Female condoms have never been marketed very well and stigma over a sexual health aid still hangs around to the point that in the US last year, the company that manufactures them stopped selling them in stores and changed to a prescription-only model, so indivuals in the states need to see a doctor, just to get a condom.

That’s backwards thinking and we say they are just as valid as male condoms to help prevent STIs (including HIV) Another excellent reason for using female condoms is they’re the only women -initiated method of planning and actively pursuing safer sex. Many say they’re preferable for anal sex too!

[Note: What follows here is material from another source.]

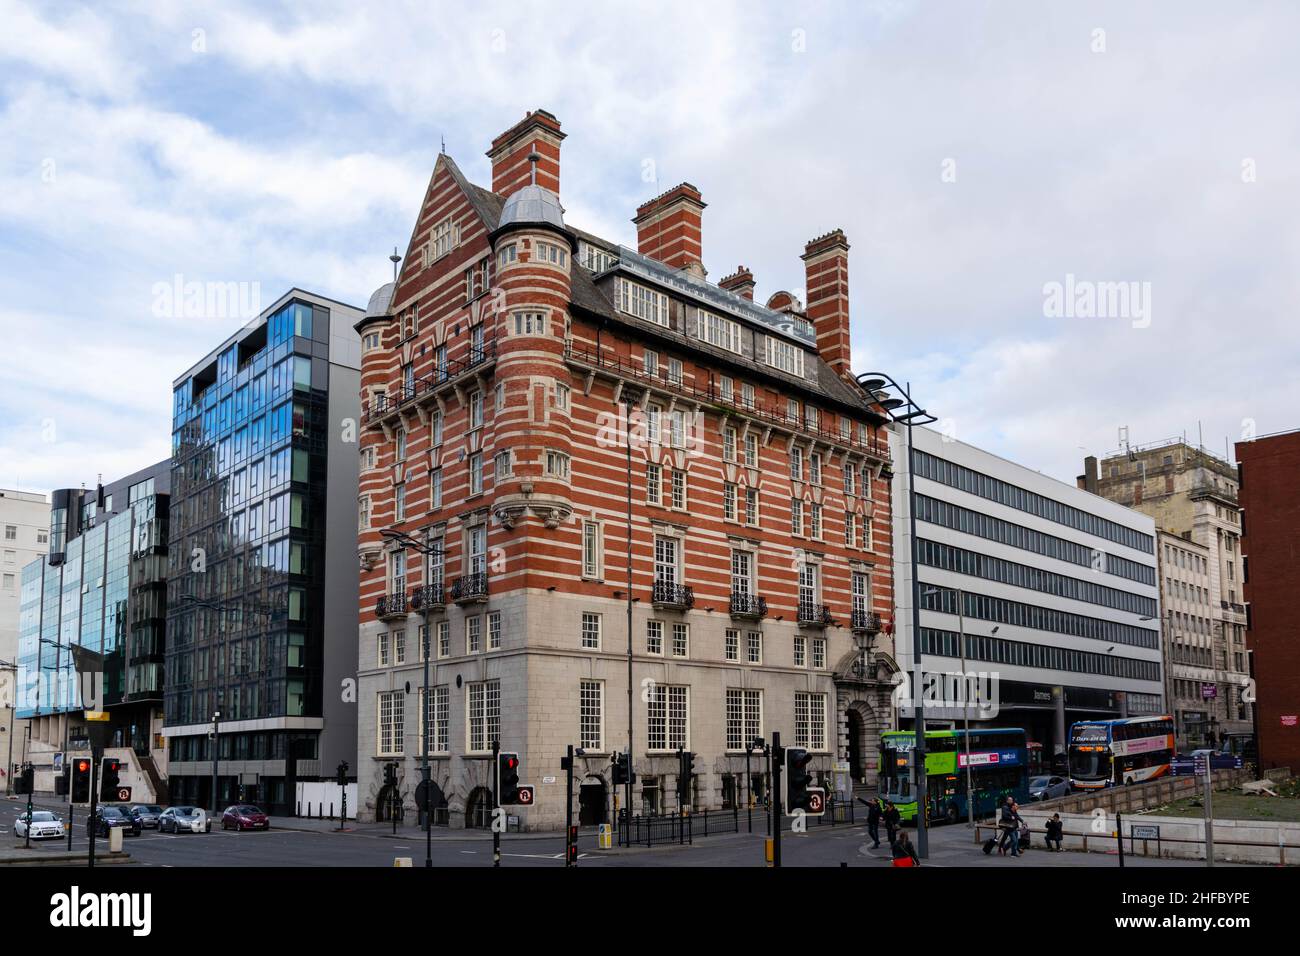 Liverpool, Großbritannien - 6. Januar 2020: Das Albion House, auch bekannt als 30 James Street und White Star Building, ist ein einzigartiges rot-weiß gestreifte Bürogebäude Stockfoto

How do female condoms work?

Female condoms (also called internal condoms) are little nitrile (soft plastic) pouches that you put inside your vagina. They cover the inside of your vagina, creating a barrier that stops sperm from reaching an egg. If sperm can’t get to an egg, you can’t get pregnant. The female condom also helps prevent sexually transmitted infections.  Female condoms aren’t just birth control — they also reduce the risk of sexually transmitted infections.

Female condoms help prevent STIs by covering the inside of your anus, vagina, and some parts of your vulva. This decreases your chance of coming in contact with semen or skin that can spread STIs.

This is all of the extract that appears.